**Data excerpt**.
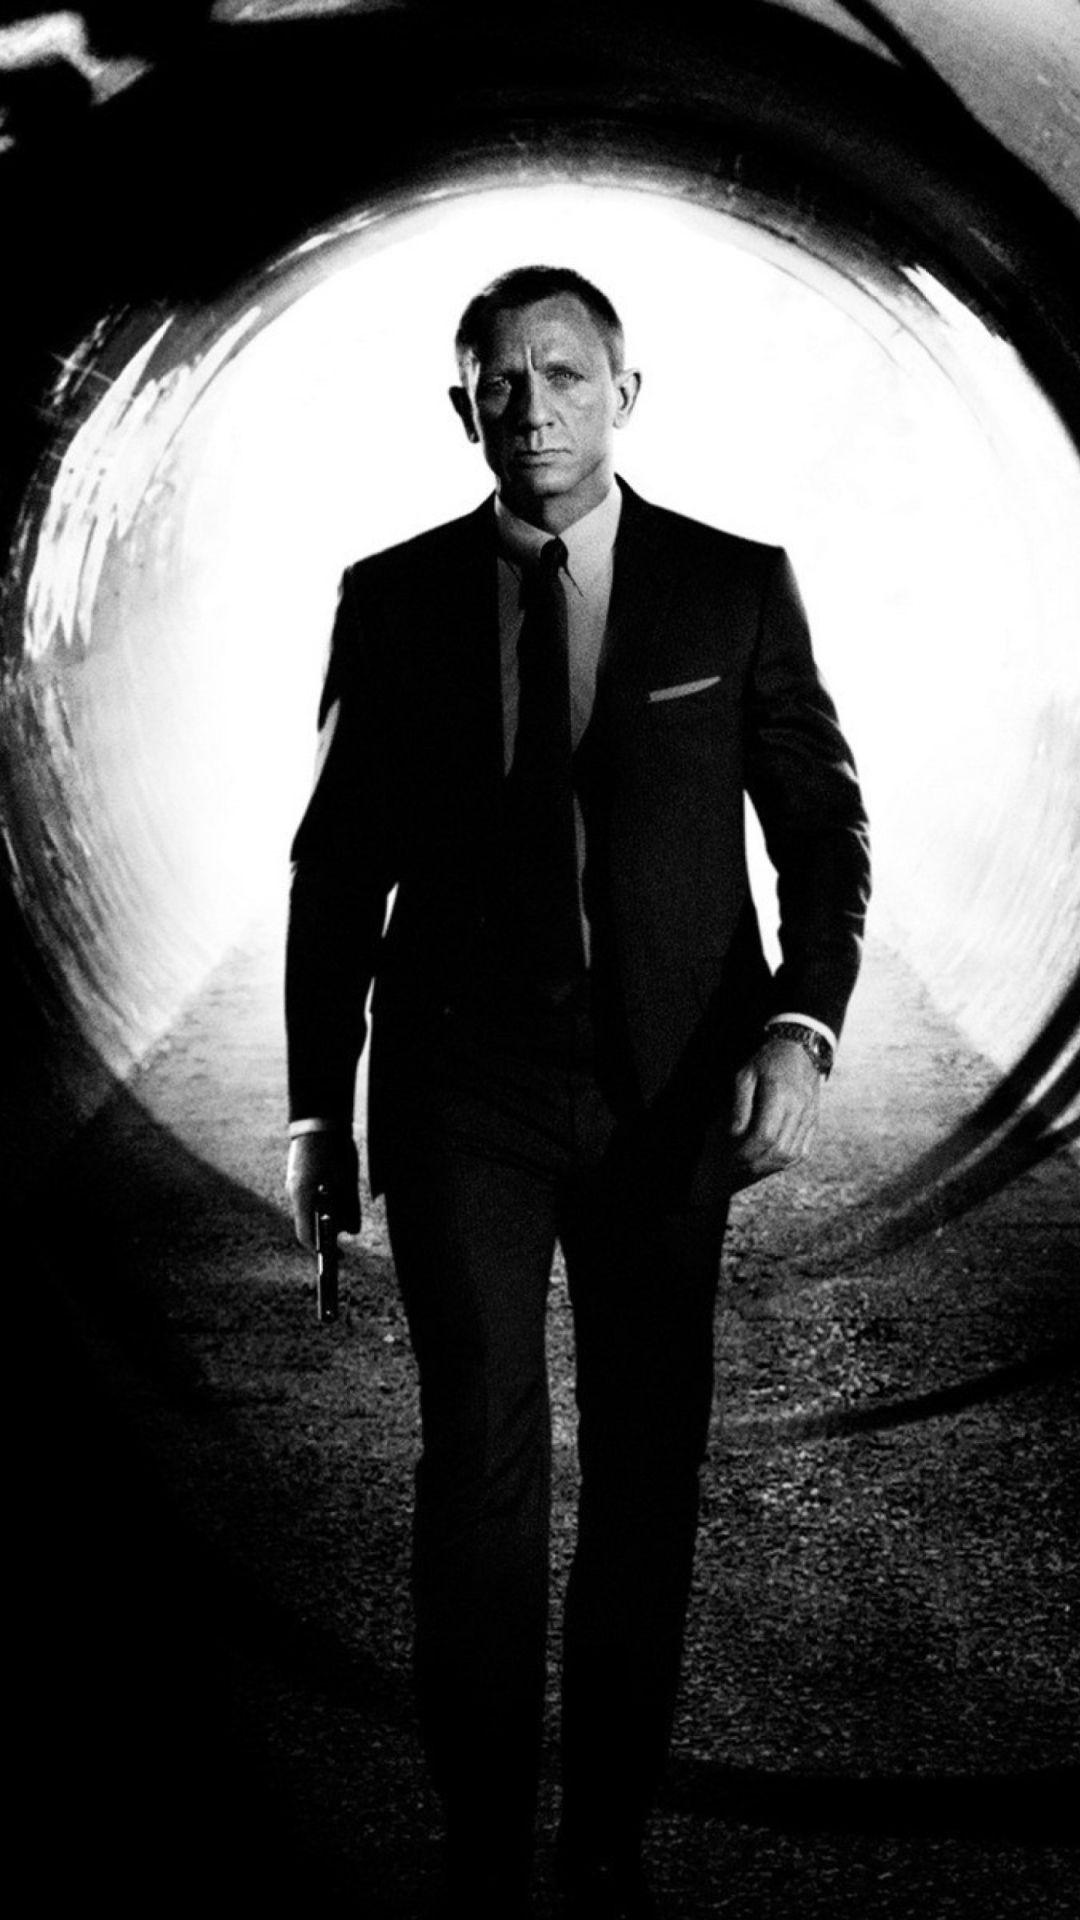 James Bond Iphone Wallpaper Chgland Info James Bond Movies Daniel Craig James Bond James Bond
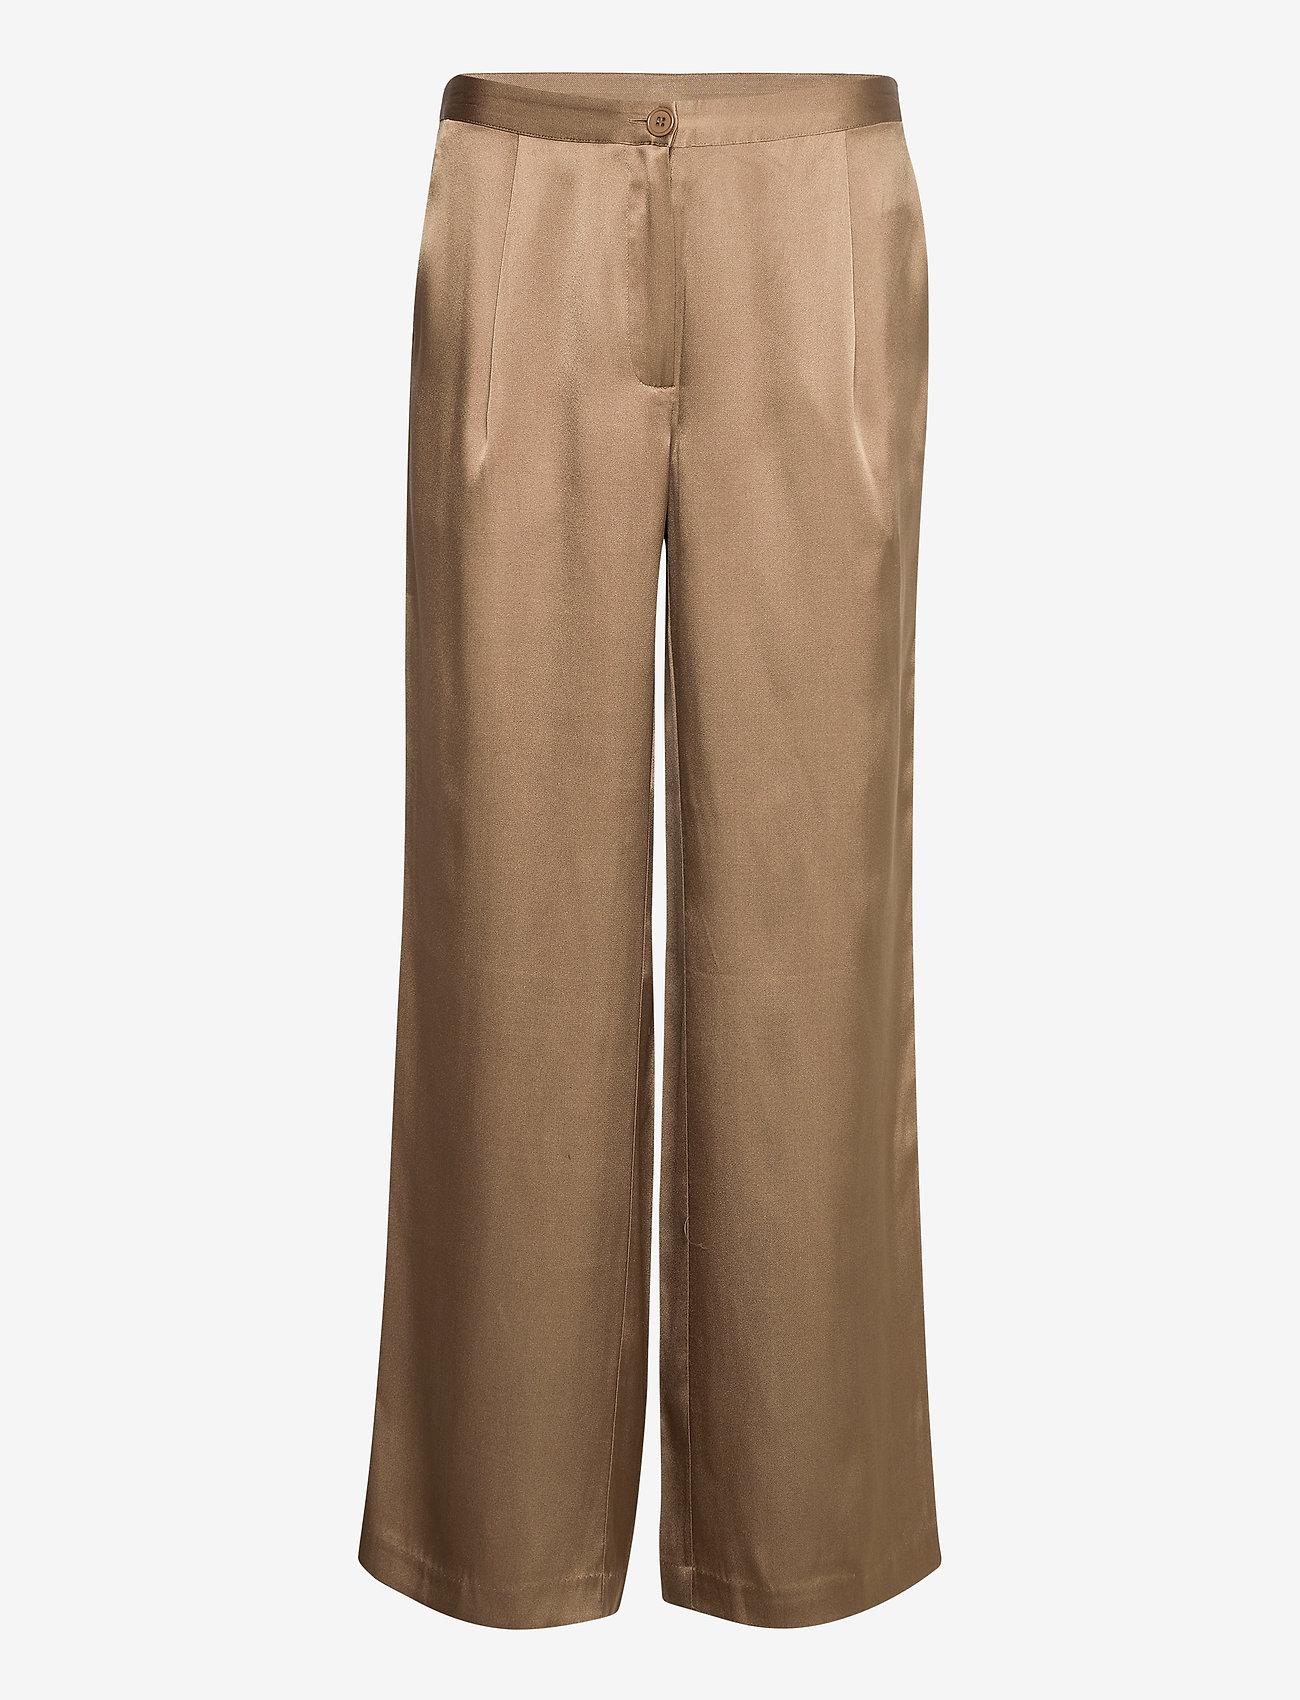 SAND - Double Silk - Sasha Flex Pleated - bukser med brede ben - light camel - 0
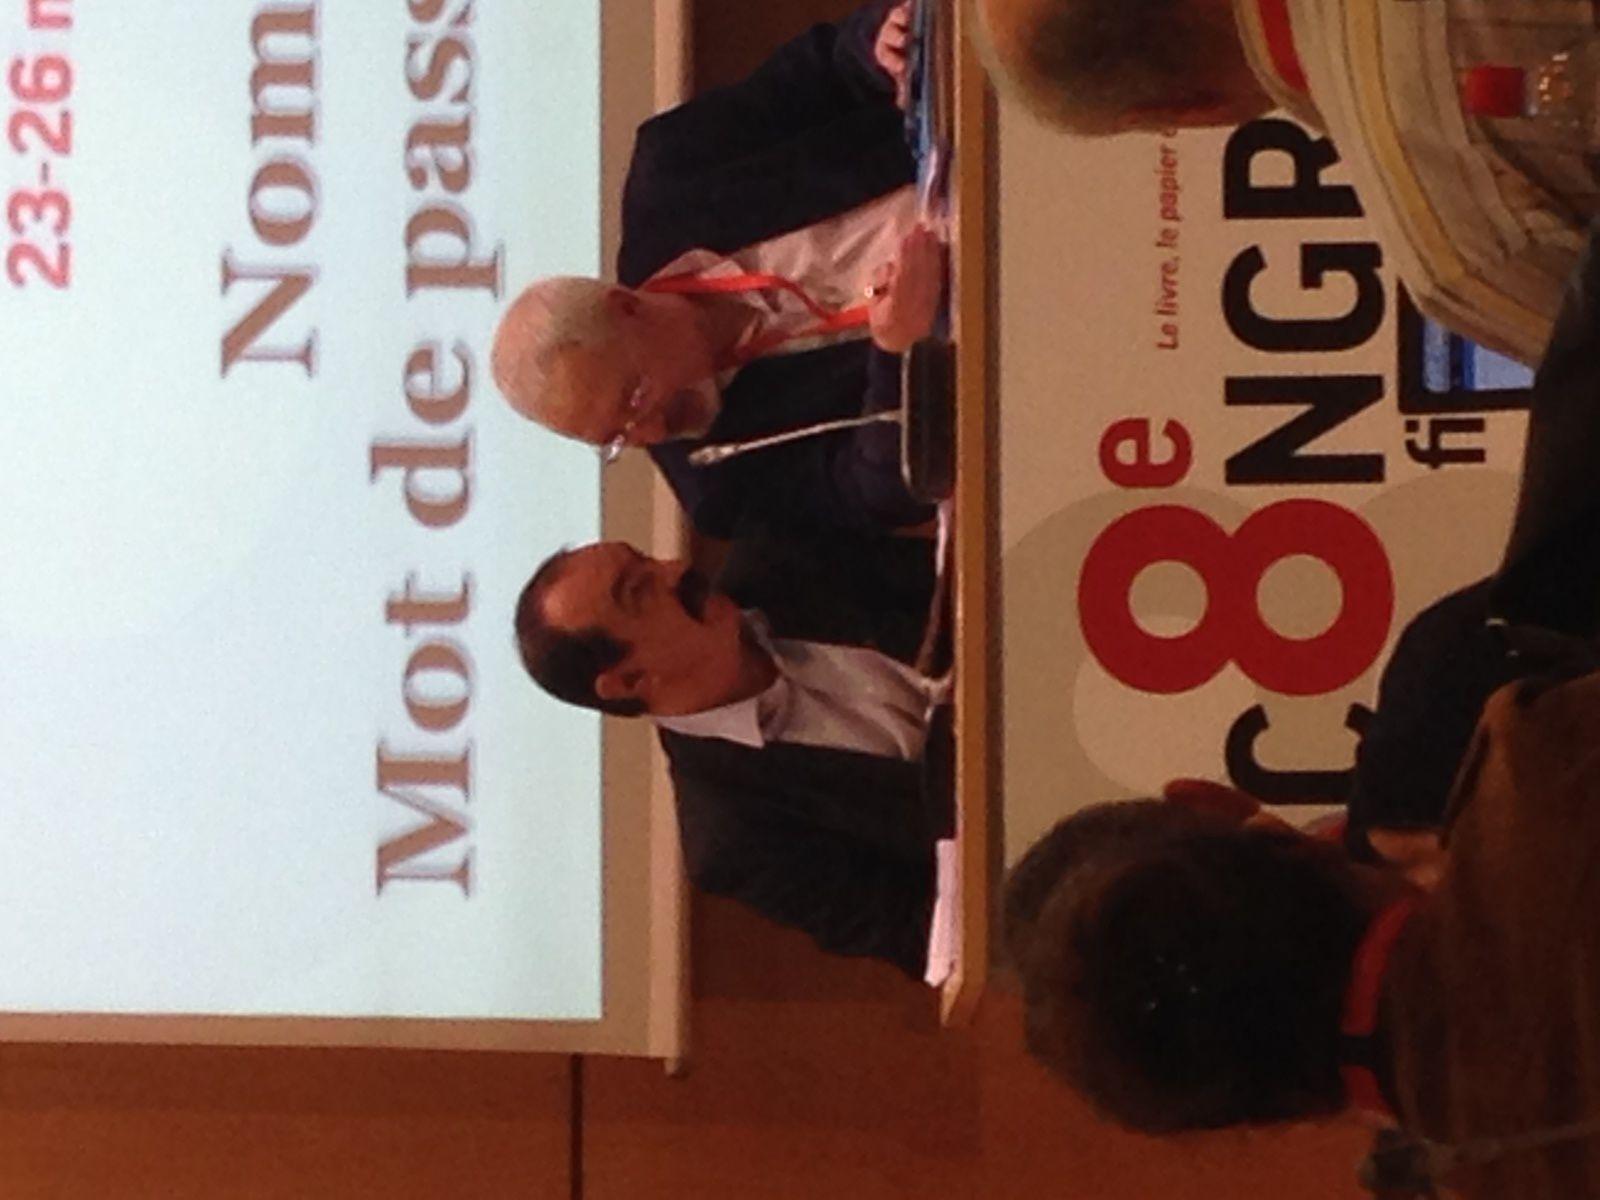 Présence du secrétaire général de la CGT au congrès de la FILPAC: Philippe Martinez

**Description of the task**. Precisely the lines from the one containing "SAND - Double" to the end of the data above, both included, should be printed; leave the pictures out.

**Finished task**.
 SAND - Double Silk - Sasha Flex Pleated - bukser med brede ben - light camel - 0
 Présence du secrétaire général de la CGT au congrès de la FILPAC: Philippe Martinez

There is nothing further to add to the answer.